**The task:** Word for word, set down the lines from the one that contains "Fry Top Eléctrico" through the final line of the data; no pictures belong in the copy.

[[ Source material open ]]

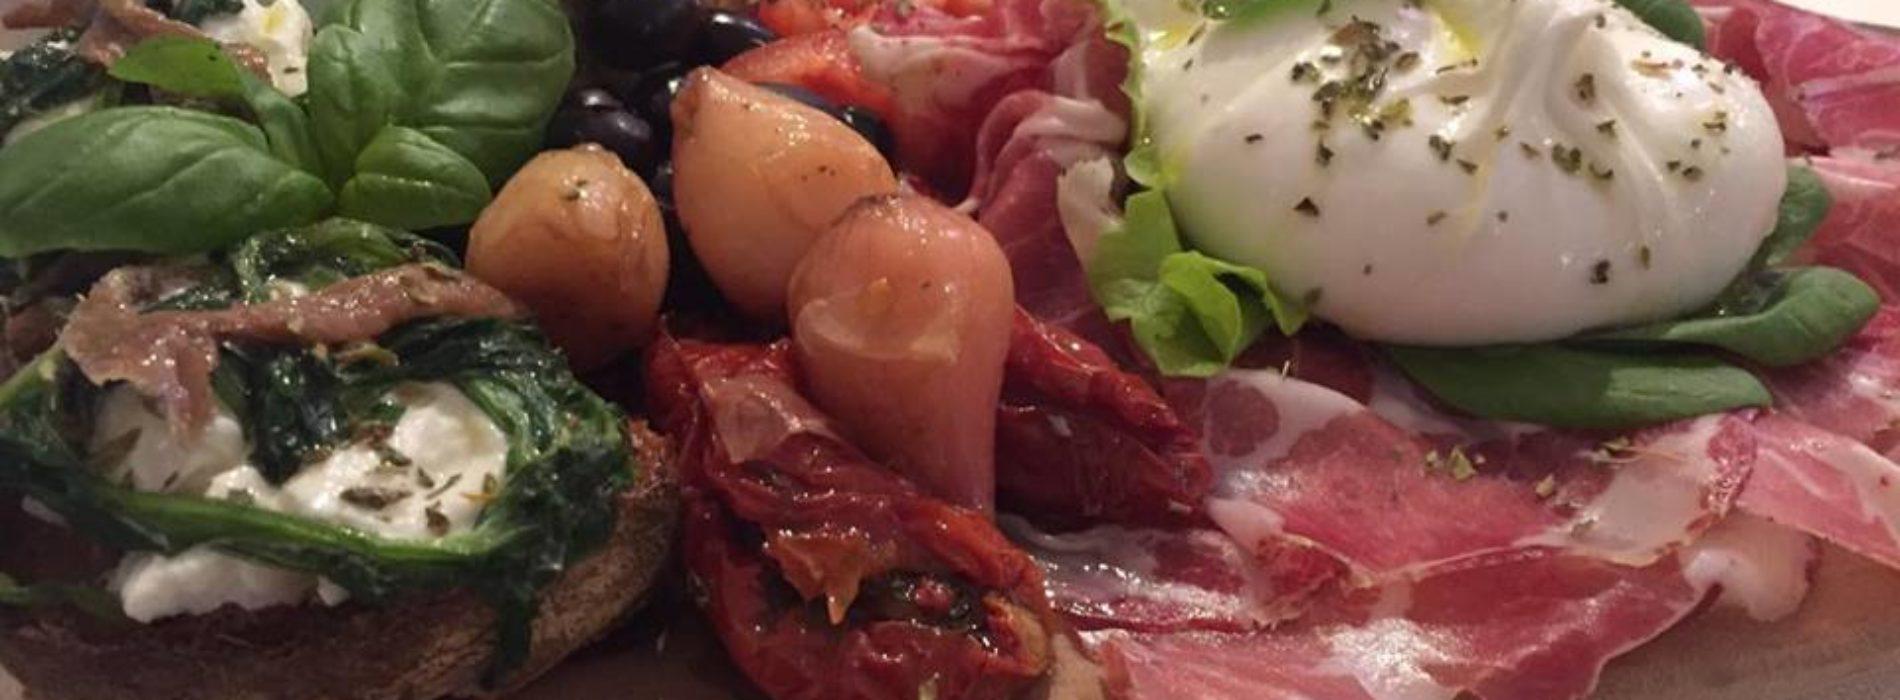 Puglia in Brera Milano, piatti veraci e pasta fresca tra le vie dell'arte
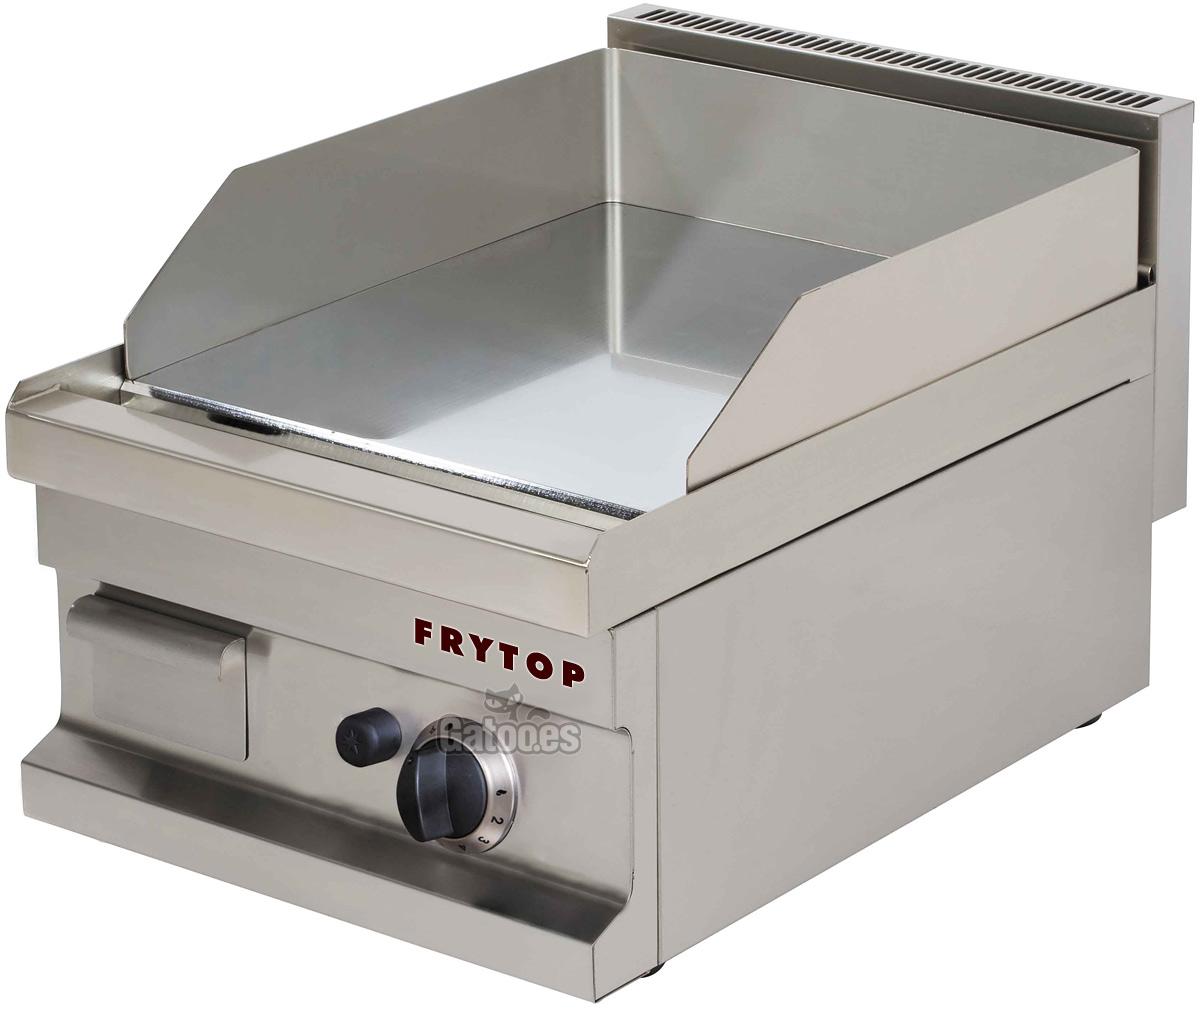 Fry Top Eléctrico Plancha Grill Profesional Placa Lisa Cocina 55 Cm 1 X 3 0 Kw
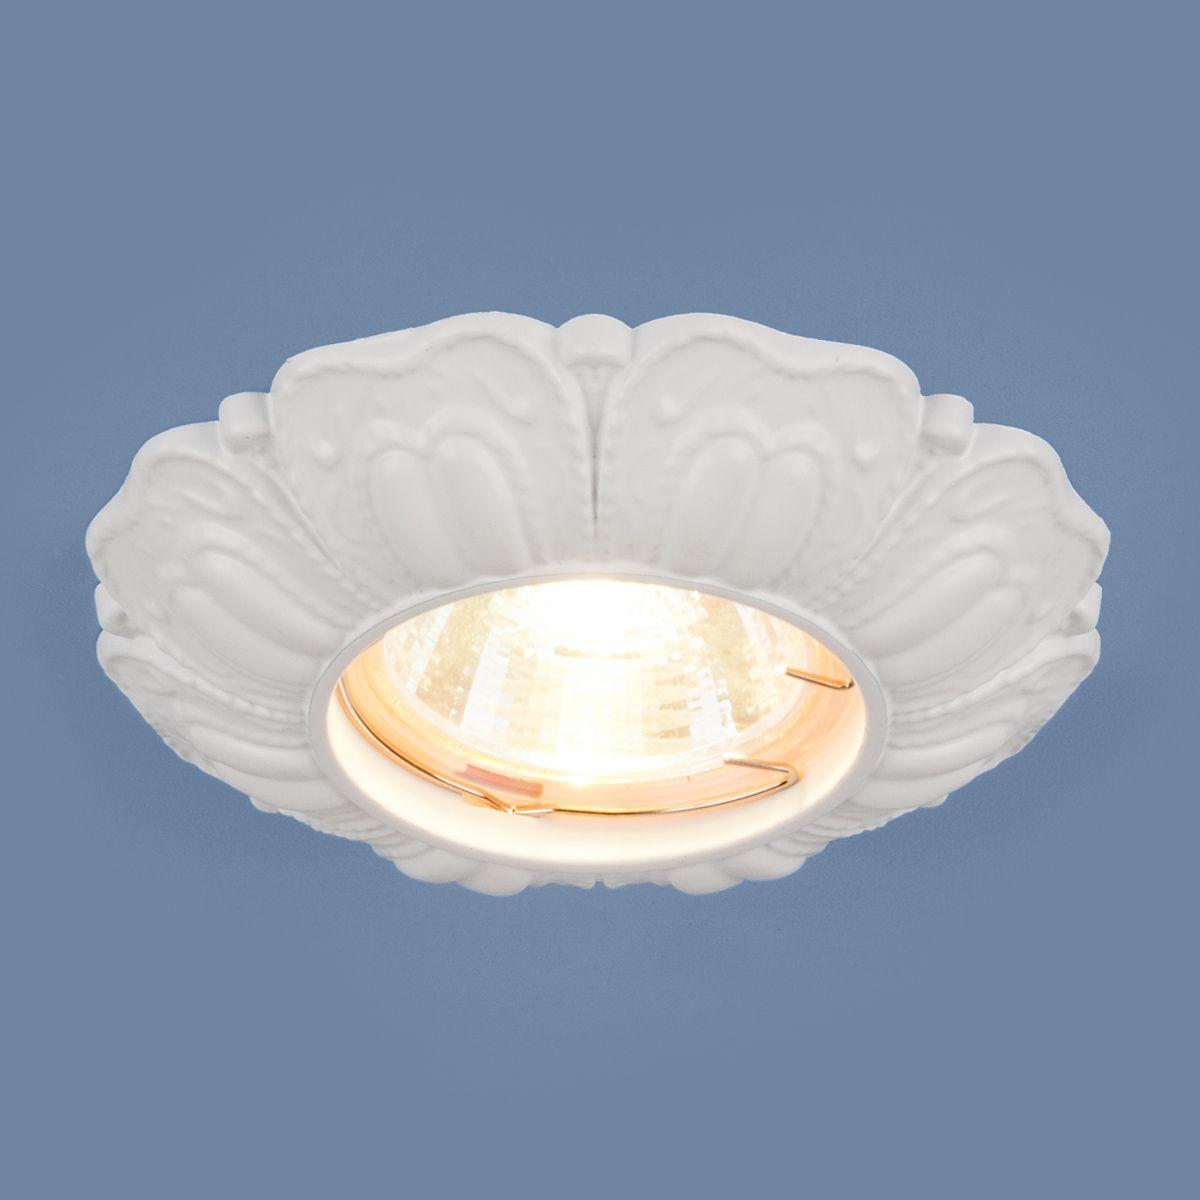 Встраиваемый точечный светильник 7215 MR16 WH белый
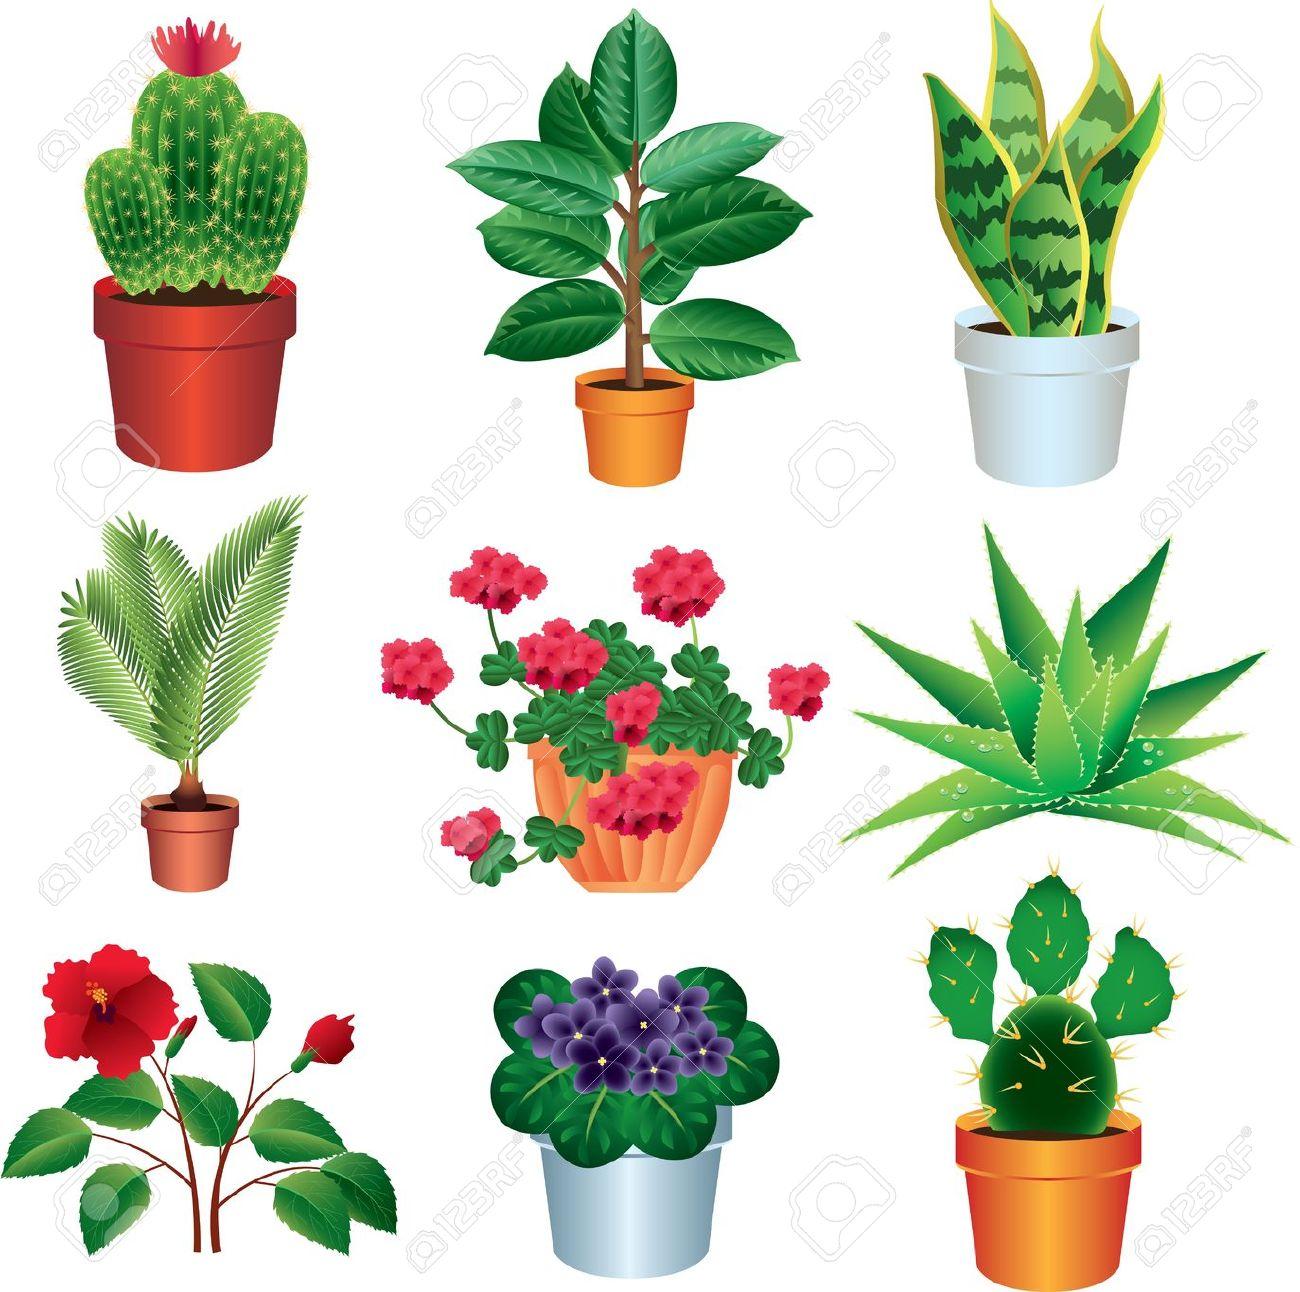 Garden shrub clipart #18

[[ Source material closed ]]

**Output of the exercise:**
 Fry Top Eléctrico Plancha Grill Profesional Placa Lisa Cocina 55 Cm 1 X 3 0 Kw
 Встраиваемый точечный светильник 7215 MR16 WH белый
 Garden shrub clipart #18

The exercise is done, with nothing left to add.